Last week in the Rosenverse, we hosted a session in which Nathan Shedroff, Hugh Dubberly, and Thomas J. McLeish explored what might replace the design school as we know it, and who gets to define what education means in the future.

Log into the Rosenverse to watch the recording.

See what you missed below.

How Will Design be Taught When the Schools Shut Down?

“What if learning was always mobile, decentralized, distributed among people and institutions, with new ways to acknowledge learning beyond grades?”

May 8: Design schools are collapsing—literally. When institutions like California College of the Arts close after more than a century, it’s clear our old model of design education can’t survive economic pressure, tech disruption, or outdated ideas about what “training” should be. So what comes next? Nathan Shedroff, Thomas J. McLeish, and Hugh Dubberly will lead an exploration of what might replace the design school as we know it: apprenticeships, corporate academies, AI mentors, decentralized credentialing—and models no one’s tried (yet). It’s not just about how designers will learn, but who gets to define what education means in the future. Watch the recording »

About the speakers:

Nathan Shedroff is the executive director of Seed Vault Ltd, a Singapore-based platform building an independent, trusted bot economy on the blockchain. He manages a cadre of experienced bot enthusiasts and technologists developing new ways to ensure user privacy, shepherd the shift to this new paradigm, create ways for people to profit from their creative work, and save the business sector from its most critical threat ever. He is a design pioneer turned entrepreneur and an international educator, speaker, and consultant. Read more »

 

Hugh Dubberly was a Creative Director at Apple Computer (1986 – 1994), managing graphic design and corporate identity; he also produced the technology-forecast film “Knowledge Navigator” presaging the Internet and interaction via mobile devices. At Netscape (1995 – 2000), he was Vice President of Design managing groups responsible for the design, engineering, and production of Netscape’s web services. He co-founded Dubberly Design Office (2000), a software, system, and service design consultancy, whose clients have included Amazon, Cisco, Facebook, Google, IBM, J&J, Lilly, Nikon, Samsung, and Visa. Read more »

 

Thomas J. McLeish is a Lecturer in the Master of Design program at UC Berkeley and at California College of the Arts, where he teaches graduate courses in AI prototyping and emerging design practices. At UC Berkeley, he serves on the Jacobs Institute Executive Committee’s AI working group, shaping how the Institute integrates AI across its design programs. An MIT Media Lab alumnus, he was shaped by Nicholas Negroponte’s vision of responsive, conversational systems and by Gordon Pask’s cybernetic idea that intelligent systems should engage users in dialogue rather than deliver static responses. His reconstruction of Pask’s Colloquy of Mobiles—exhibited at the Centre Pompidou and now in the permanent collection at ZKM—extends that lineage into contemporary practice. Read more »

Q&A with our speakers

This Q&A was drawn from the Rosenverse Live session.

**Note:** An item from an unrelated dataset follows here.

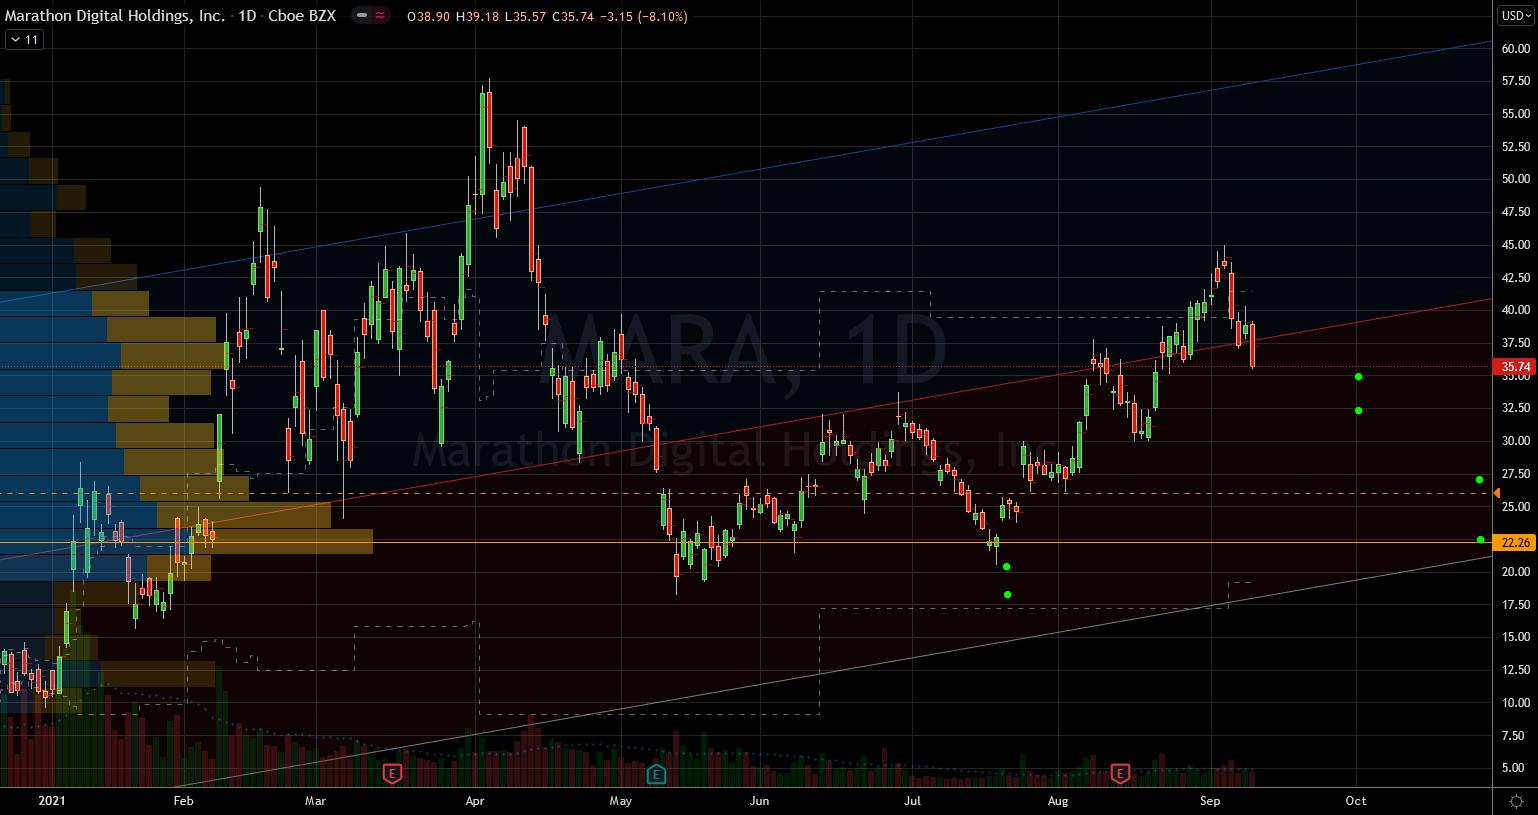 Stocks to Buy: Marathon Digital Holdings (MARA) Stock Chart Showing Potential Base

Q: Why is design education under pressure to change?

A: Design education is being pressured by changes in technology, work, and knowledge sharing. As communication tools evolve and AI reshapes how people learn and collaborate, the old classroom model may no longer be enough on its own.

Q: What learning models could replace traditional design school?

A: Possible replacements include apprenticeships, corporate academies, decentralized credentialing, and hybrid systems that combine making, theory, and mentorship. The larger point is that design education may become more distributed and less tied to a single institution.

Q: How does AI affect the future of design learning?

A: AI could act as a mentor, a collaborator, and a tool for personalized learning. But it also raises bigger questions about who teaches, who evaluates, and how knowledge gets validated when technology can generate answers quickly.

Q: What is the role of critical thinking in design education?

A: Critical thinking remains essential, but it works best when paired with critical making. In design, thinking and making reinforce one another, so learning should move back and forth in a recursive loop rather than separating theory from practice.

Q: Who gets to define education in the future?

A: That is one of the most important questions. If education moves beyond schools, then employers, communities, platforms, and AI systems may all influence what counts as legitimate learning.

 

Watch the recording »

 

Catch up on last week’s recordings, and mark your calendar for upcoming events.

See you in the Rosenverse!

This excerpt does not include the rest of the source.